For purposes hereof, the term "dividends" shall include any pro rata
distribution by the Company, out of funds of the Company legally available
therefor, of cash, property, securities (including, but not limited to, rights,
warrants or options) or other property or assets to the holders of the Common
Stock, whether or not paid out of capital, surplus or earnings other than
liquidation.

          (c) Prior to declaring any dividend or making any distribution on or
with respect to shares of Common Stock, the Company shall take all prior
corporate action necessary to authorize the issuance of any securities payable
as the Dilution Fee in respect of the Warrant.

11.  MISCELLANEOUS

          11.1 No Implied Waivers. No failure or delay by any party in
exercising any right, power or privilege hereunder shall operate as a waiver
thereof nor shall any single or partial exercise thereof preclude any other or
further exercise thereof or the exercise of any other right, power or privilege.
The rights and remedies herein provided shall be cumulative and not exclusive of
any rights or remedies provided by law.

          11.2 Notices. All notices, requests, consents and other communications
required or permitted hereunder shall be in writing and shall be hand delivered
or mailed postage


                                       20



prepaid by registered or certified mail or transmitted by facsimile transmission
(with immediate telephonic confirmation thereafter), (a) If to the Holder:

                    Silver Point Capital
                    Two Greenwich Plaza
                    Greenwich, CT 06830
                    Attn.: Jennifer Poccia
                    Voice: 203-542-4438
                    Email: jpoccia@silverpointcapital.com

               with a copy to (which shall not constitute notice):

                    Skadden, Arps, Slate, Meagher & Flom LLP
                    333 West Wacker Drive
                    Suite 2100
                    Chicago, IL 60606
                    Attn.: Seth E. Jacobson
                           L. Byron Vance III
                    Voice: 312-407-0700
                    Fax: 312-407-0411

               or   (b) If to the Company:

                    NaviSite, Inc.
                    400 Minuteman Road
                    Andover, MA 01810
                    Attn.: James W. Pluntze
                    Voice: (978) 946-7915
                    Fax: (978) 946-7803

               with a copy to (which shall not constitute notice):

                    BRL Law Group LLC
                    31 St. James Avenue, Suite 850
                    Boston, MA 02116
                    Attention: Thomas B. Rosedale
                    Voice: (617) 399-6935
                    Fax: (617) 399-6930

          or at such other address as the parties each may specify by written
          notice to the others, and each such notice, request, consent and other
          communication shall for all purposes of the Warrant be treated as
          being effective or having been given when delivered if delivered
          personally, upon receipt of facsimile confirmation if transmitted by
          facsimile, or, if sent by mail, at the earlier of its receipt or 72
          hours after the same has been deposited in a regularly


                                       21



          maintained receptacle for the deposit of United States mail, addressed
          and postage prepaid as aforesaid.

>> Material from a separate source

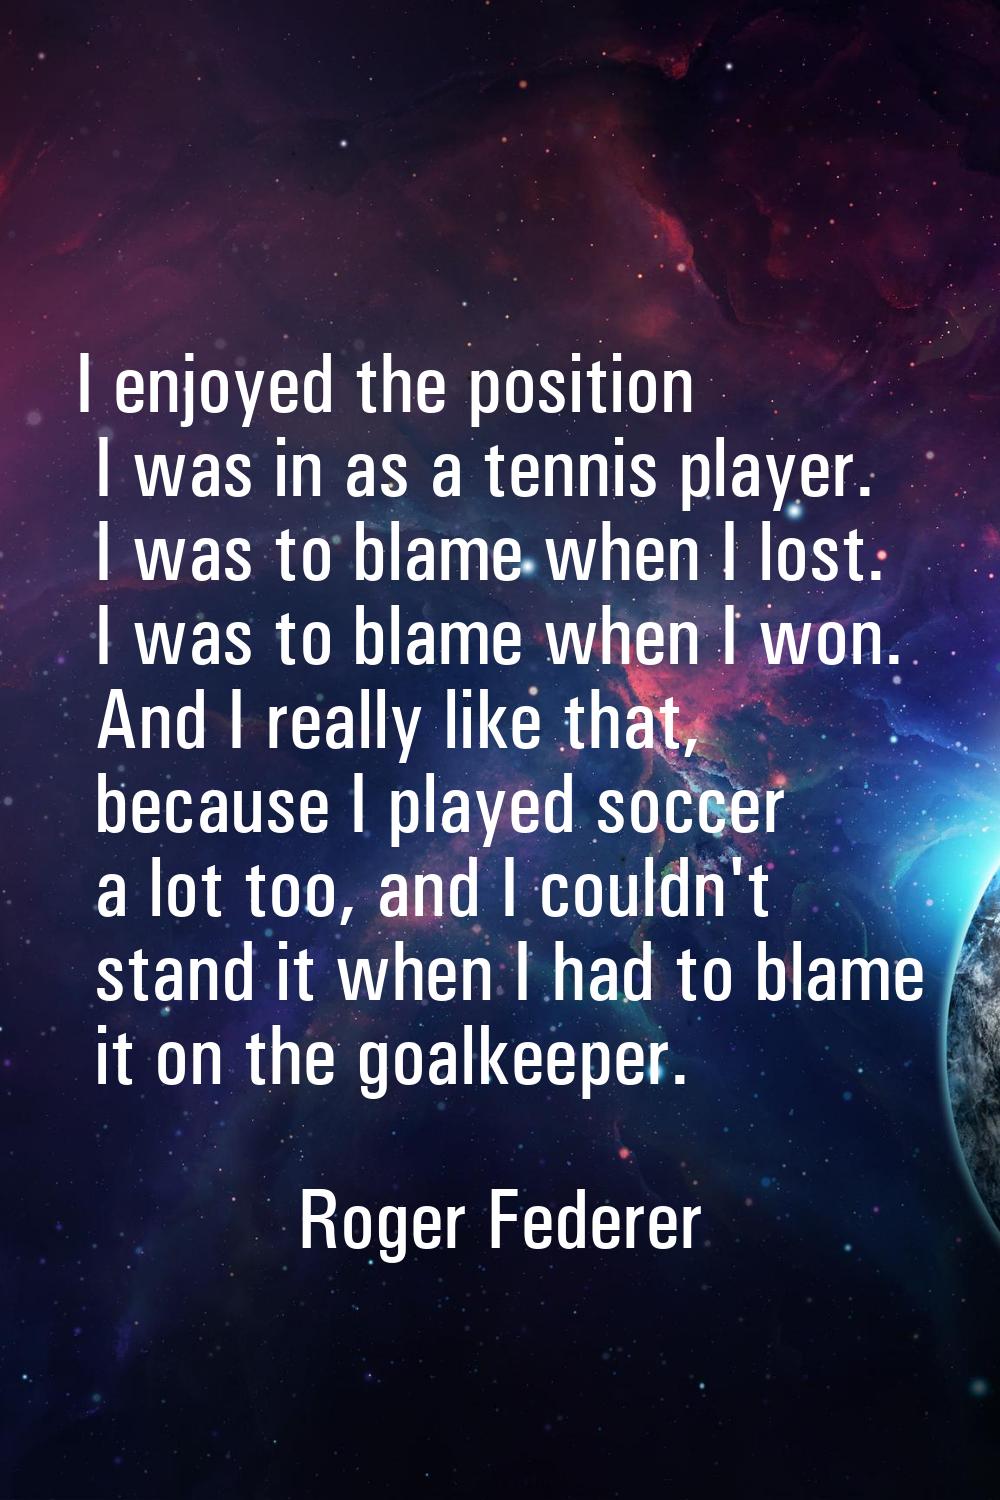 I enjoyed the position I was in as a tennis player. I was to blame when I lost. I was to blame when

          11.3 Indemnification. If the Company fails to make, when due, any
payments provided for in this Warrant, the Company shall pay to the Holder
hereof (a) interest at the Agreed Rate on any amounts due and owing to such
Holder and (b) such further amounts as shall be sufficient to cover any costs
and expenses including, but not limited to, reasonable attorneys' fees and
expenses incurred by such Holder in collecting any amounts due hereunder. The
Company shall indemnify, save and hold harmless the Holder hereof and the
Holders of any Warrant Stock issued upon the exercise hereof from and against
any and all liability, loss, cost, damage, reasonable attorneys' and
accountants' fees and expenses, court costs and all other out-of-pocket expenses
incurred in connection with or arising from any default hereunder by the Company
or the enforcement of its rights hereunder as against the Company. This
indemnification provision shall be in addition to the rights of such Holder or
Holders to bring an action against the Company for breach of contract based on
such default hereunder.

          11.4 Limitation of Liability. No provision hereof, in the absence of
affirmative action by the Holder to purchase shares of Warrant Stock, and no
enumeration herein of the rights or privileges of the Holder hereof, shall give
rise to any liability of such Holder to pay the Exercise Price for any Warrant
Stock other than pursuant to an exercise of this Warrant or any liability as a
stockholder of the Company, whether such liability is asserted by the Company or
by creditors of the Company. The Holder shall not, by virtue hereof, be entitled
to any rights of a stockholder of the Company and nothing contained in this
Warrant shall be construed as conferring upon the Holder the right to vote or to
consent or to receive notice as a stockholder in respect of meetings of
stockholders for the election of directors of the Company or any other matters
or any rights whatsoever as a stockholder of the Company.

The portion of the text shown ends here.